In baseball, an assist (denoted by A) is a defensive statistic, baseball being one of the few sports in which the defensive team controls the ball. An assist is credited to every defensive player who fields or touches the ball (after it has been hit by the batter) before the recording of a putout, even if the contact was unintentional. For example, if a ball strikes a player's leg and bounces off him to another fielder, who tags the baserunner, the first player is credited with an assist. A fielder can receive a maximum of one assist per out recorded. An assist is also credited if a putout would have occurred, had another fielder not committed an error. For example, a shortstop might field a ground ball cleanly, but the first baseman might drop his throw. In this case, an error would be charged to the first baseman, and the shortstop would be credited with an assist. Unlike putouts, exactly one of which is awarded for every defensive out, an out can result in no assists being credited (as in strikeouts, fly outs and line drives), or in assists being credited to multiple players (as in relay throws and rundown plays). First base, or 1B, is the first of four stations on a baseball diamond which must be touched in succession by a baserunner in order to score a run for that player's team. A first baseman is the player on the team playing defense who fields the area nearest first base and is responsible for the majority of plays made at that base. In the numbering system used to record defensive plays, the first baseman is assigned the number 3.

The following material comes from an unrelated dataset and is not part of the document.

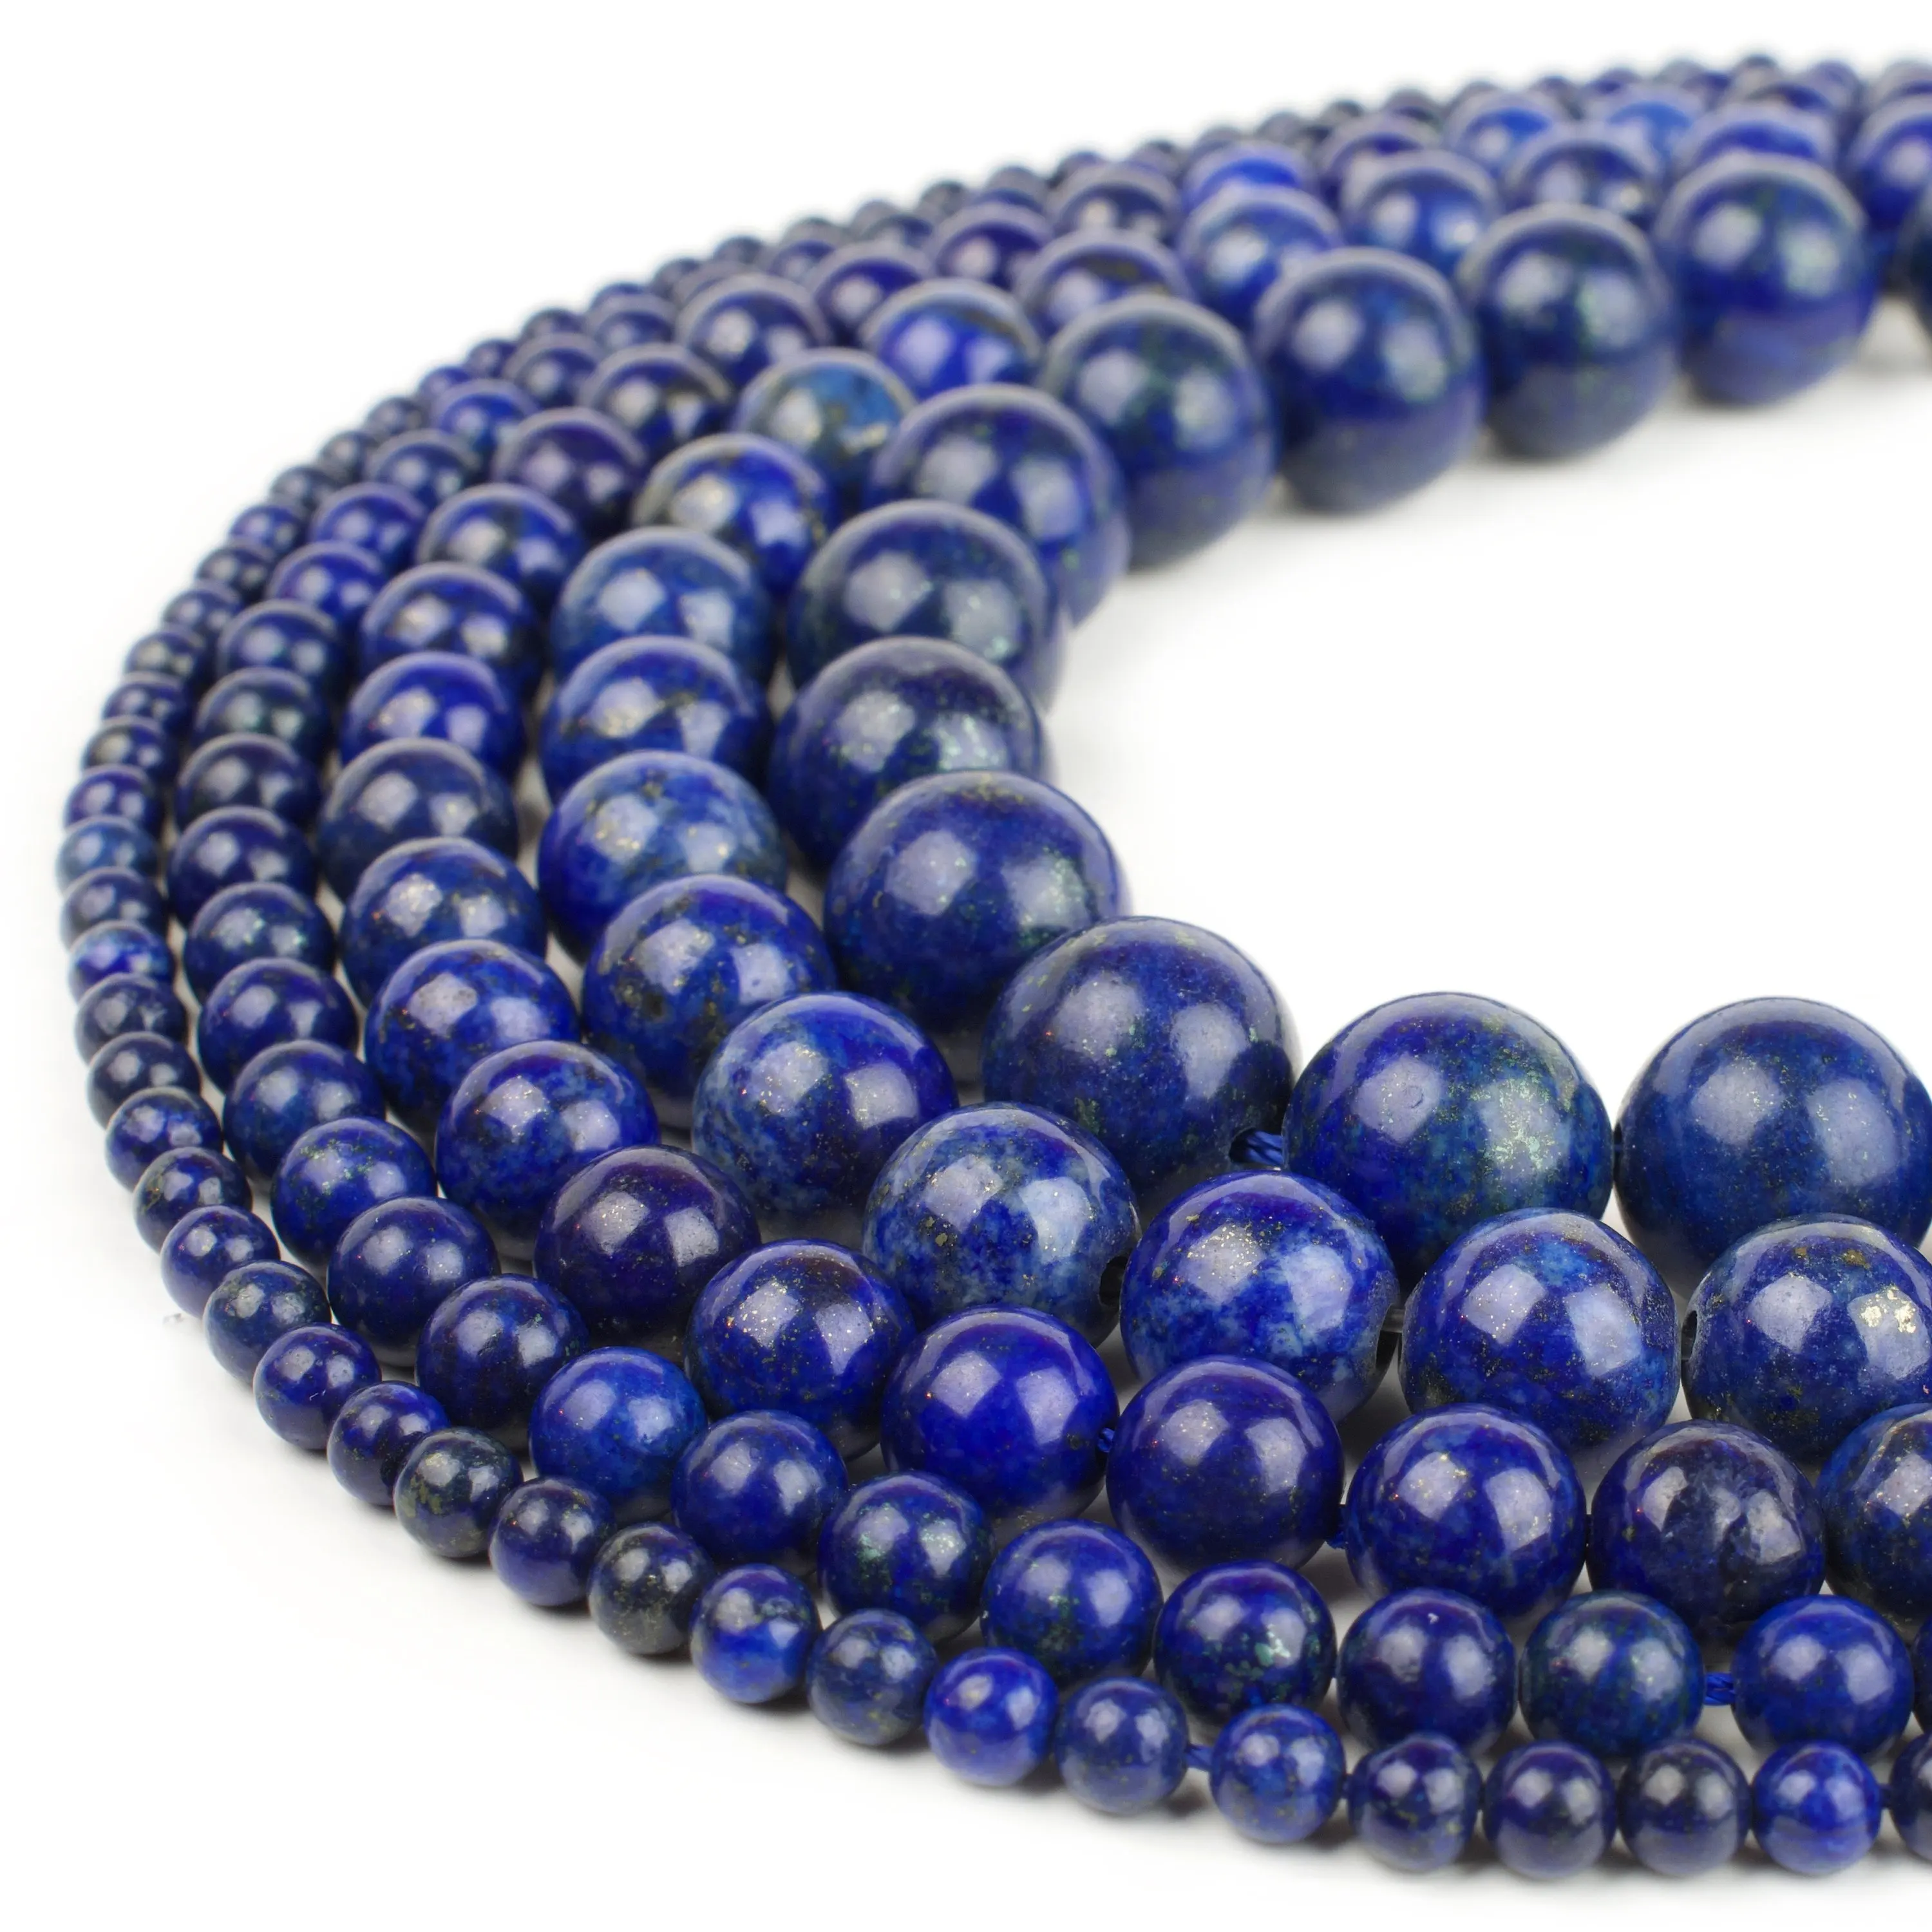 10mm Round Natural Blue Lapis Lazuli Gemstone Beads 19 Beads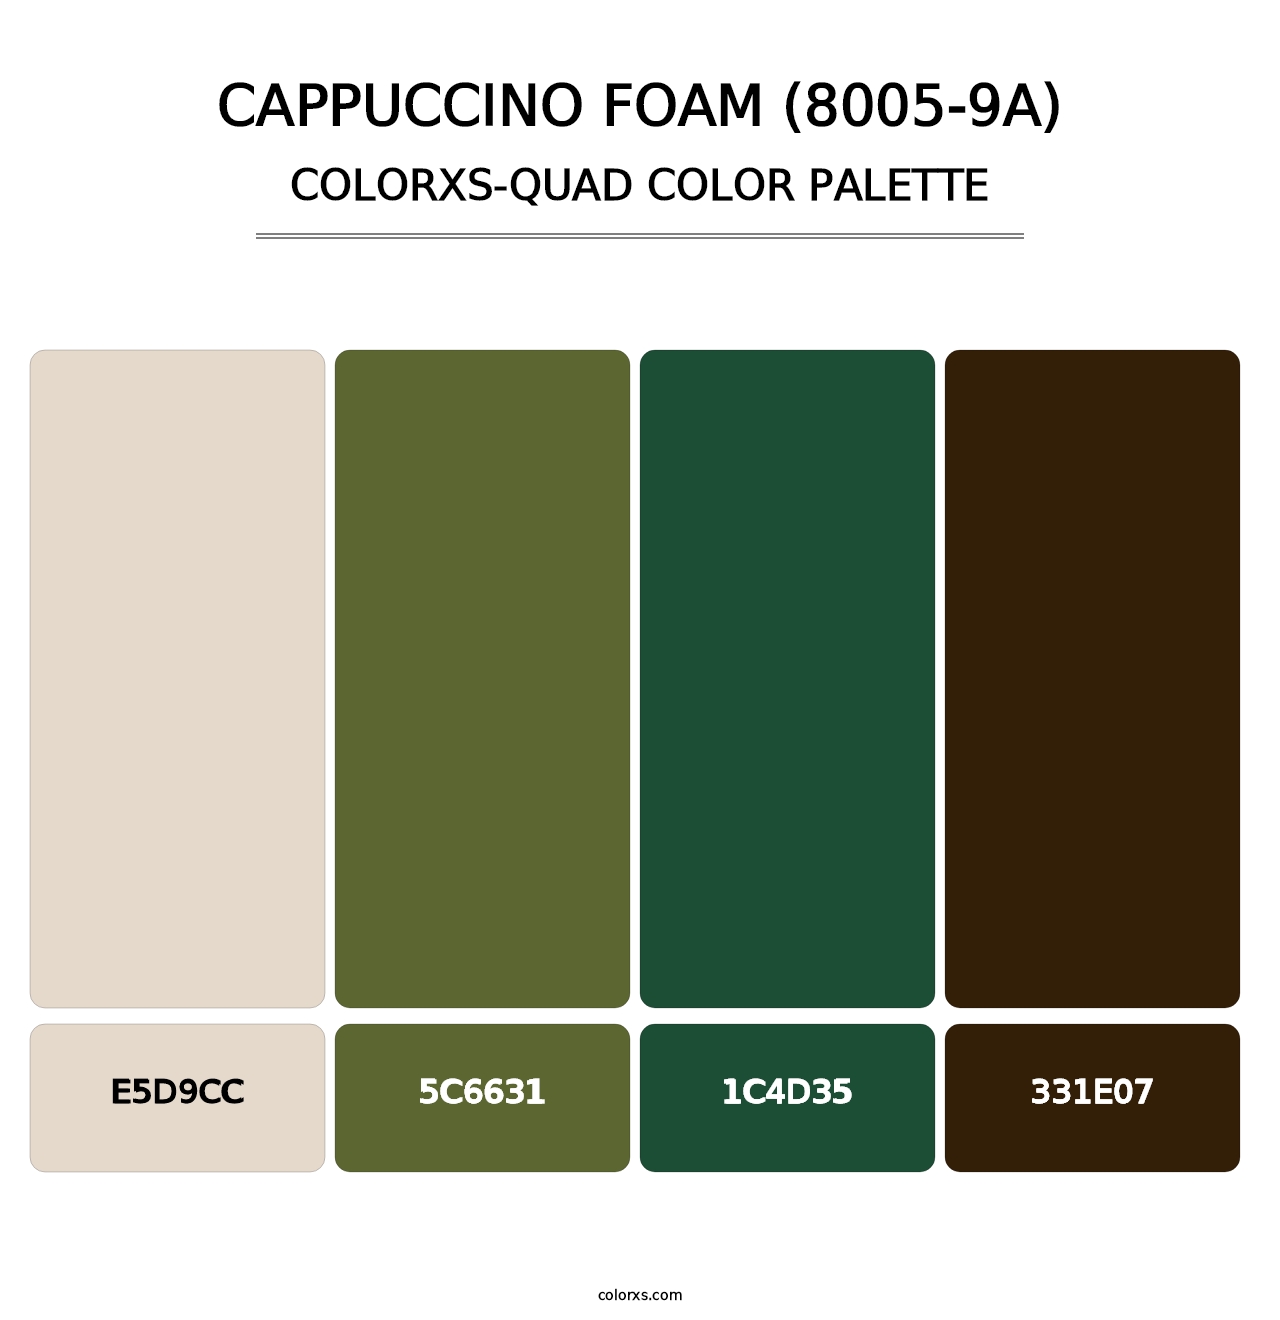 Cappuccino Foam (8005-9A) - Colorxs Quad Palette

First basemen are most commonly credited with an assist when they field a ground ball and either throw the ball to the pitcher covering first base to retire the batter/runner or throw the ball to the shortstop covering the second base to force out a runner, perhaps beginning a double play. Other common ways in which first basemen gain an assist are by throwing out a runner attempting to reach third base or score, perhaps on a relay throw from the right fielder, throwing out a runner attempting to score on a squeeze play, rundown plays in which a runner is stranded between bases, throwing out a runner attempting to steal second base on a pickoff throw, and throwing to second base after catching a line drive to retire a runner before they can tag up. First basemen typically accumulate less than half as many assists as other infielders, partially because the ball is less frequently batted to the right side of the field, but also because in situations with a runner on first base, the first baseman will typically be stationed on or close to the bag to receiver a pickoff throw, reducing the area of the infield which they can easily cover. Because a right-handed first baseman needs to turn their body before throwing across the infield, left-handed first basemen are often preferred for defensive purposes; 10 of the top 14 career assist leaders are left-handed.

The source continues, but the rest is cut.